See ?BiocGenerics::updateObject in the BiocGenerics package for more information.

A tedious process

Serialized objects are typically (but not exclusively) found in R packages. To update all the serialized objects contained in a given package, one usually needs to perform the following steps:

  • Identify all the files in the package that contain serialized R objects. Serialized R objects are normally written to RDS or RDA files. These files typically use file extensions .rds (for RDS files), and .rda or .RData (for RDA files).

  • Load each serialized object into R. This is usually done by calling readRDS() on each RDS file, and load() on each RDA file. Note that unlike RDS files which can only contain a single object per file, RDA files can contain an arbitrary number of objects per file.

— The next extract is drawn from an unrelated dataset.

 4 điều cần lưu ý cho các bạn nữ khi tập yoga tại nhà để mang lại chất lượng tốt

  • Pass each object thru updateObject():

    x <- updateObject(x)

    Note that if x doesn’t contain any out-of-sync parts then updateObject() will act as a no-op, that is, it will return an object that is strictly identical to the original object.

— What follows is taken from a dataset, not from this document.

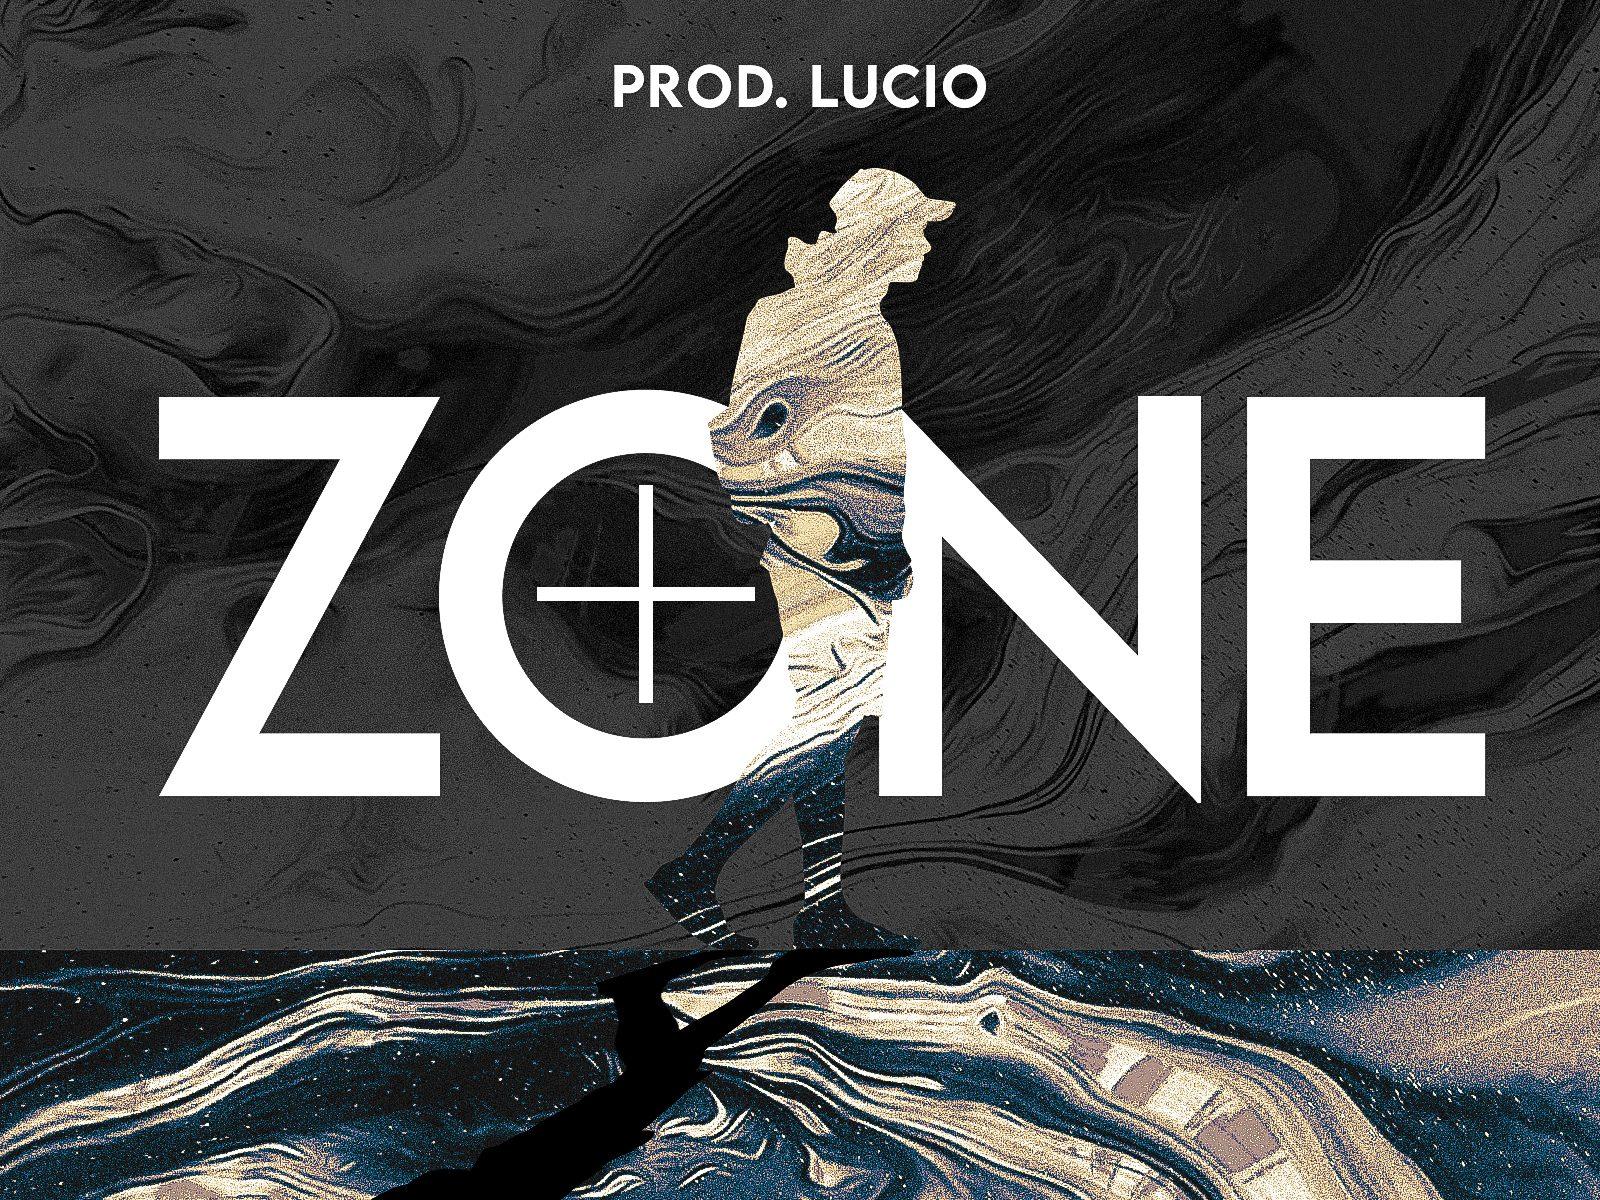 Prod. Lucio Zone feat. Amvis

  • Write each object back to its original file. This is done with saveRDS() or save(), depending on whether the object came from an RDS or RDA file. Note that this only needs to be done for objects that actually contained out-of-sync parts i.e. for objects on which updateObject() did not act as a no-op.

In addition to the above steps, the package maintainer also needs to perform the usual steps required for updating a package and publishing its new version. In the case of a Bioconductor package, these steps are:

  • Bump the package version.

  • Set its Date field (if present) to the current date.

  • Commit the changes.

  • Push the changes to git.bioconductor.org.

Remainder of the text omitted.